6.6.12

Les beaux détours

Le soleil se couche lentement sur la ville et je roule vers son centre avec un client chaud qui crache sa haine incendiaire sur les étudiants et tous ces sales gauchistes qui font de l'ombre sur sa vie.

Devant moi, un petit camion blanc clignote à droite depuis cinq coins de rue. Je me demande ce que je vais manger plus tard. Des bruits de casseroles se font encore entendre ici et là.

Mon passager continue son discours que je n'écoute plus. Je fais des "hums" et des "hahans" pour entretenir ses idées arrêtées et tente de garder le taxi en mouvement.

Le temps est doux et les couleurs dans le ciel sont magnifiques. Sur un arrêt, je laisse passer une jeune femme qui arbore un carré rouge et un grand sourire. Je lui file un clin d’œil et laisse mon regard s'attarder un moment.

Un peu plus loin devant moi je vois des centaines de gyrophares et je songe que mon passager qui soliloque toujours, aimerait sans doute voir des manifestants se faire tabasser. Je tourne adroitement à gauche.

Quelques rues plus loin, je réalise que c'est le tour de nuit. Ce soir ce ne seront pas les étudiants qui vont me faire faire de beaux détours, mais les vélos.
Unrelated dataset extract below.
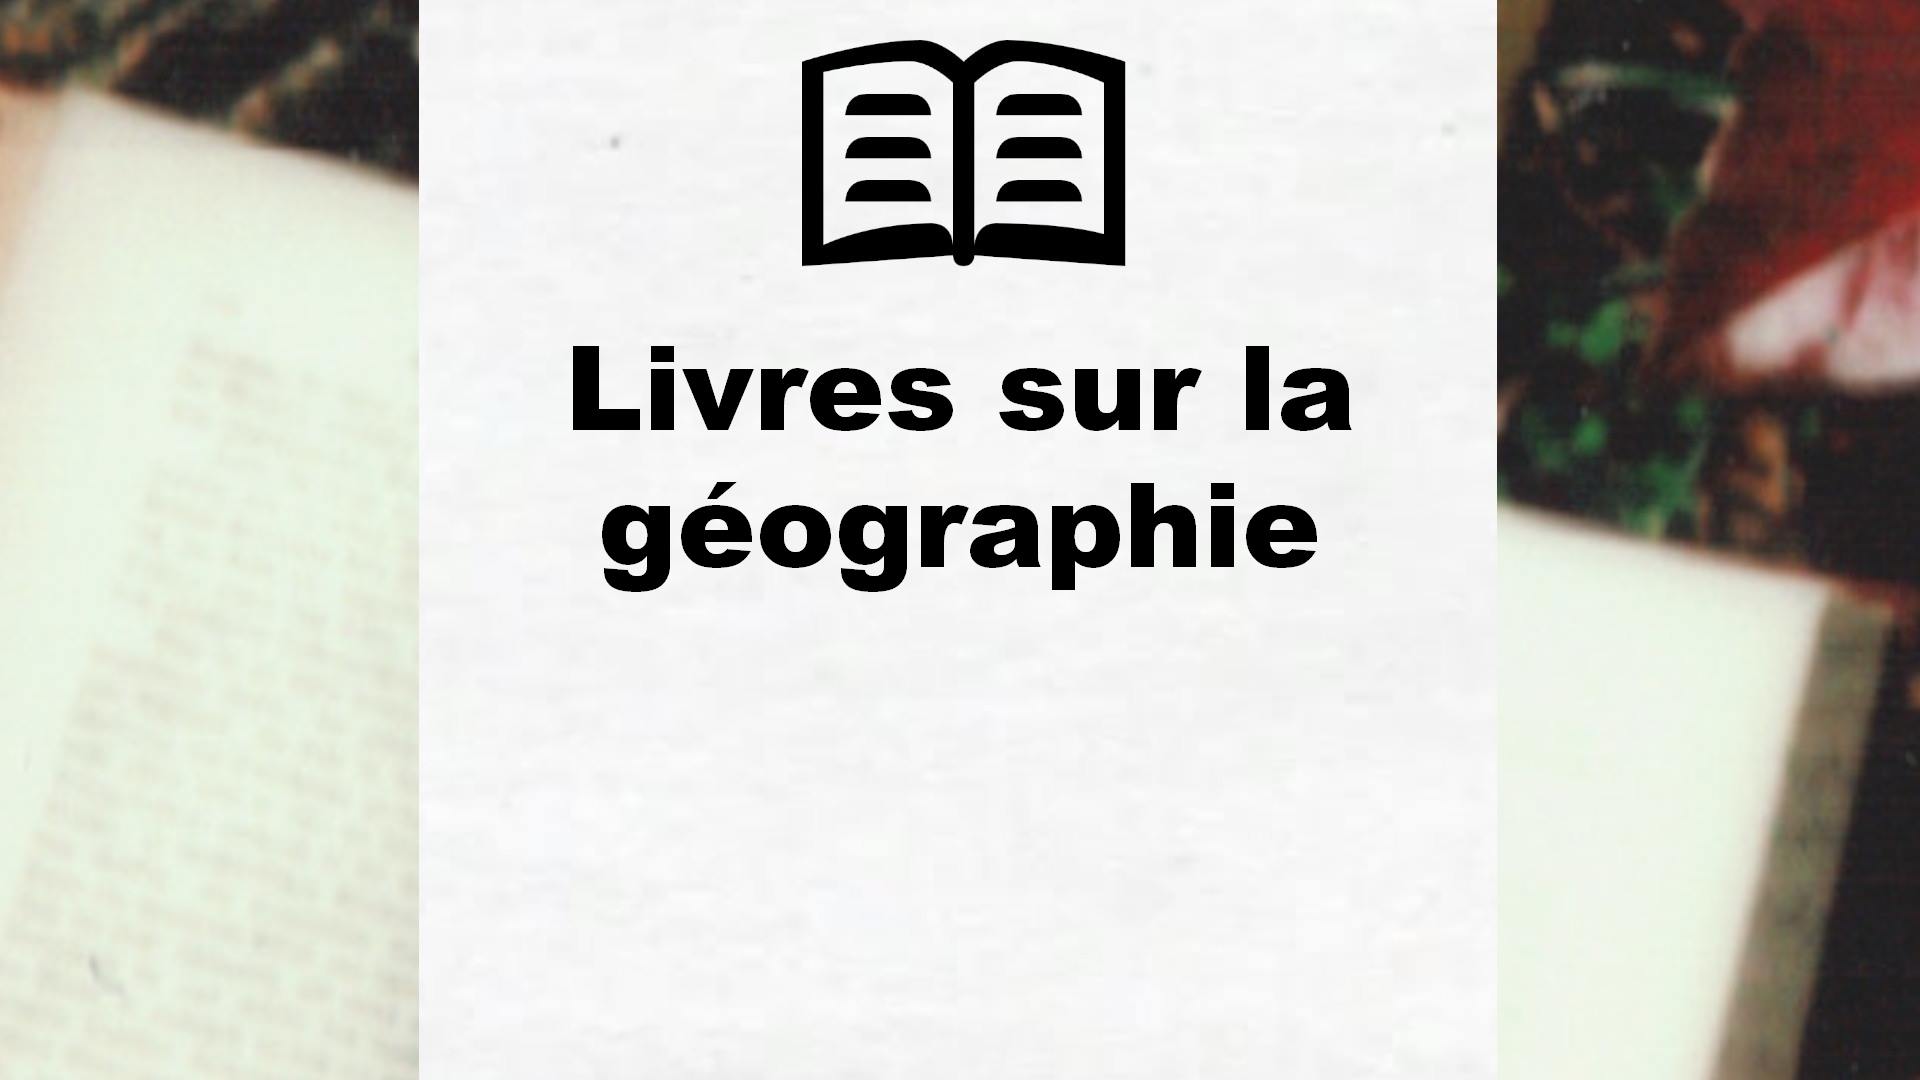 Livres sur la géographie

Je partage l'info avec mon passager qui n'en avait pas besoin de tant pour rajouter tous les cyclistes dans sa liste de nuisances merdiques.

Son impatience m'indiffère au plus haut point. Le compteur, contrairement au taxi continue de rouler. Sur un balcon, j'observe un couple de personnes âgées qui profitent des douceurs de ce début juin. Les effluves d'un grand lilas me font respirer un bon coup. Je me sens bien.
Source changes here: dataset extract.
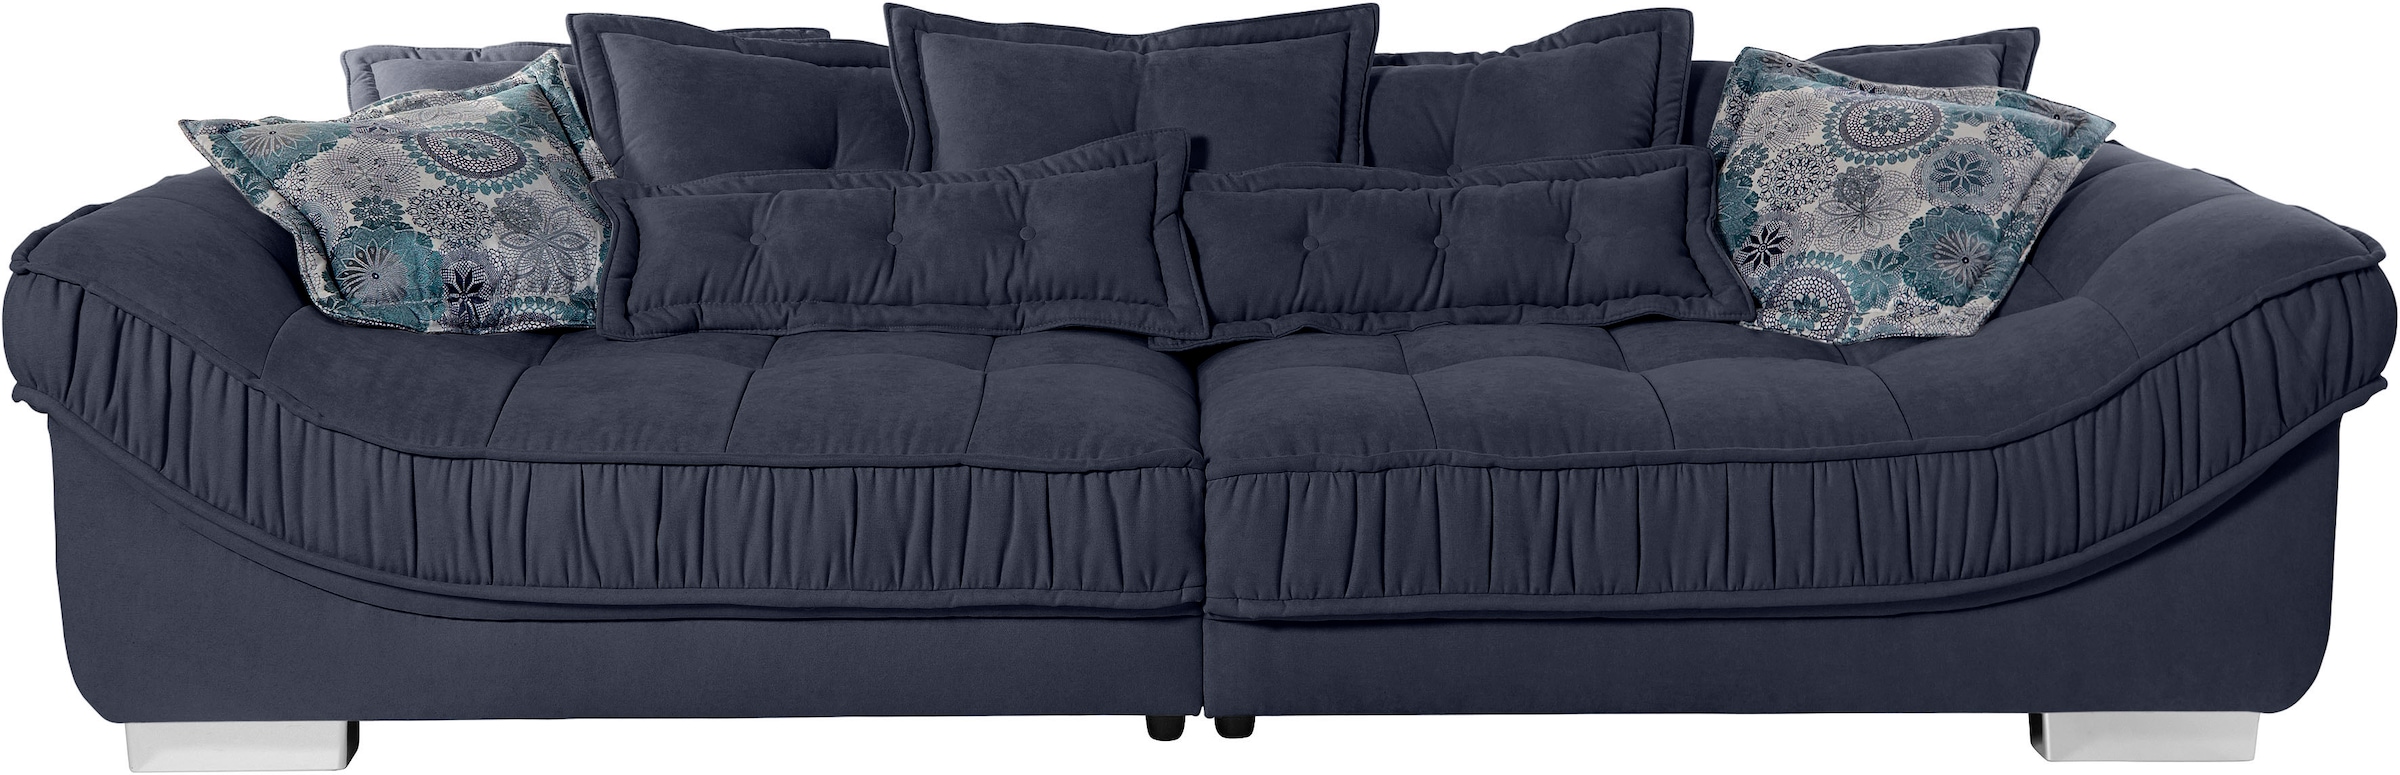 Big-Sofa »Diwan«, hochwertige Polsterung für bis zu 140 kg Belastbarkeit pro Sitzfläche

L'énervé réalise finalement après une dizaine de minutes que ça ira  plus vite à pied. Comme depuis le début de la course, je ne le contredis pas et lui dis que je suis désolé pour lui. Il ne comprend pas l'allusion.

Je prends par la première ruelle et m'esquive rapidement de ce bouchon. Je monte le son de la radio, une guitare électrique crache son blues dans un crépuscule urbain.

J'anticipe déjà les beaux détours que la nuit me proposera.